For Jackson, the eventual buyer, the process took more than a year and began as a search for property at current bargain prices where he and his wife could build a home and keep horses.

They live in a $10 million house in Sandy Springs. But when his agent told him about Forsyth mansion, whose price had already been discounted to $16.5 million, he made a lowball offer. After months of dickering, they agreed on the price, and Jackson bought the furnishings for an additional $2 million.

“If they had given me that house unfurnished, I wouldn’t have taken it,” Jackson said. He did not want to spend the next three years shopping to furnish it, he quipped.

Unlike with low and average housing price points, there are no investors at these kinds of prices, Stowe said.

“It is a lifestyle. Luxury property is not an investment,” he said.

Jennifer Attaway of Buckhead was looking for a lifestyle change when moving to Buckhead about two years ago.

Attaway, formerly from Sugarloaf County Club in Gwinnett, and her family shopped for a year before buying their $3.6 million home.

“We moved to be closer to private schools,” she said. “And my husband and I love to go out and eat, and in Gwinnett County we were so limited in the choice of restaurants and shopping. For me to go shopping at Lenox was 45 minutes one-way.”

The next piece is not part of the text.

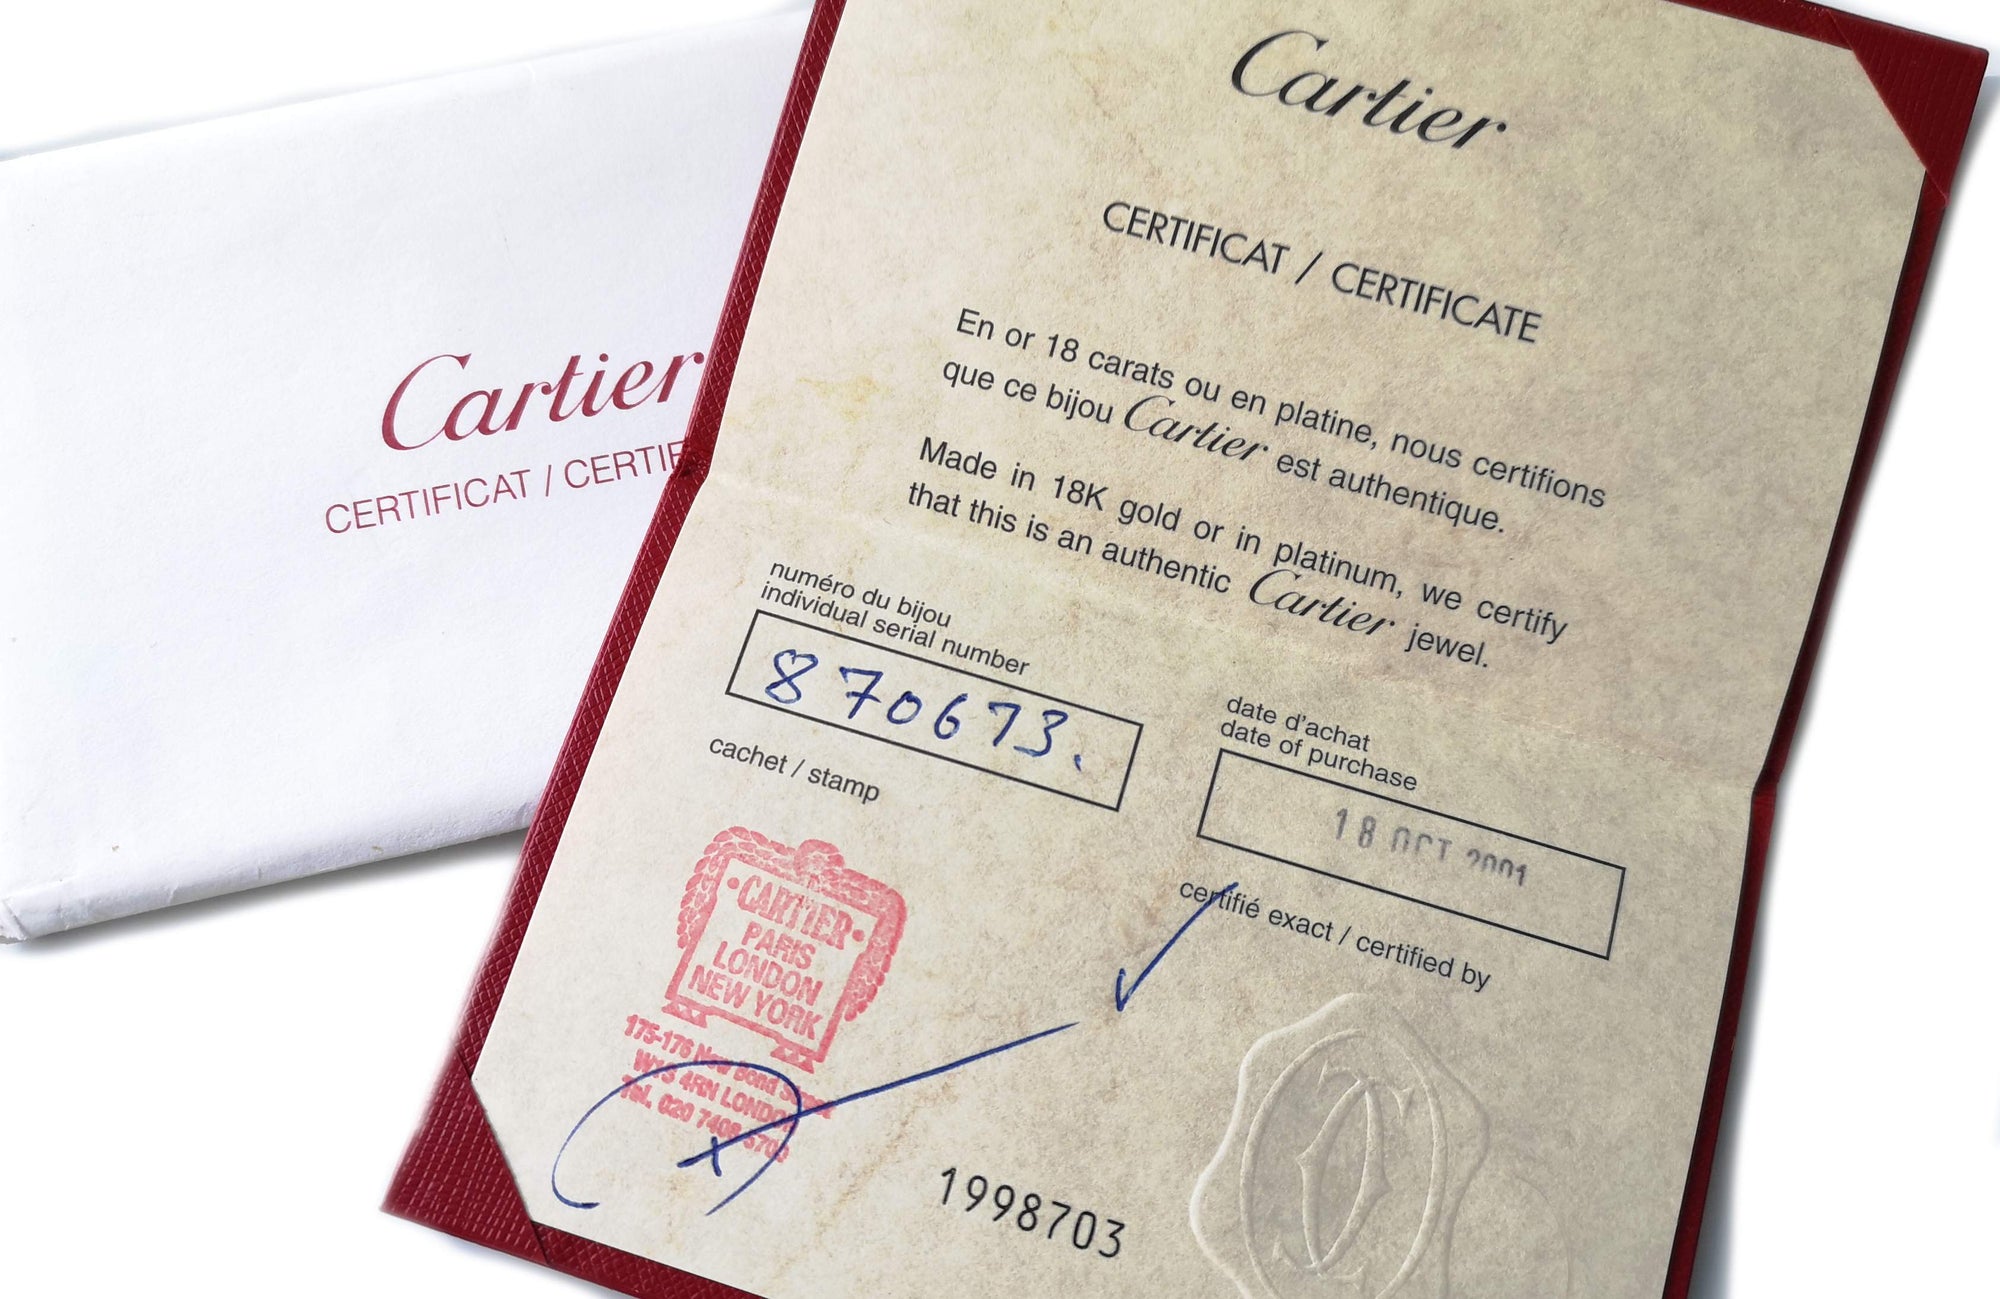 Cartier C De 18k White Gold Necklace Certificate 2001

She immediately loved the Buckhead home’s French-inspired design and the quality of its construction materials such as the limestone exterior, slate roof and copper gutters.

“And I loved the location. We could literally walk to the Saint Regis,” the luxury hotel with fine dining and afternoon tea, she said.

But now, she says, the 9,000 square feet is feeling a little cramped with five kids, three dogs and live-in nanny. So the Attaways are looking again and hope to sell the house they have improved with high-end security and landscaping for $4 million.

Pruitt, one of Atlanta’s best known sellers of high-end homes, knows the market is tough, but there are financial bright spots she thinks are helping sales, prices and interest rates.

“I am finding they are jumping back into the market and taking advantage of the low interest rates and realistic prices,” she said. “I think the buyers are tired of waiting on the sidelines to buy their dream home.”

“There is hardly any week that we don’t have a couple of million and over sold when we call out our sales during our sales meetings.”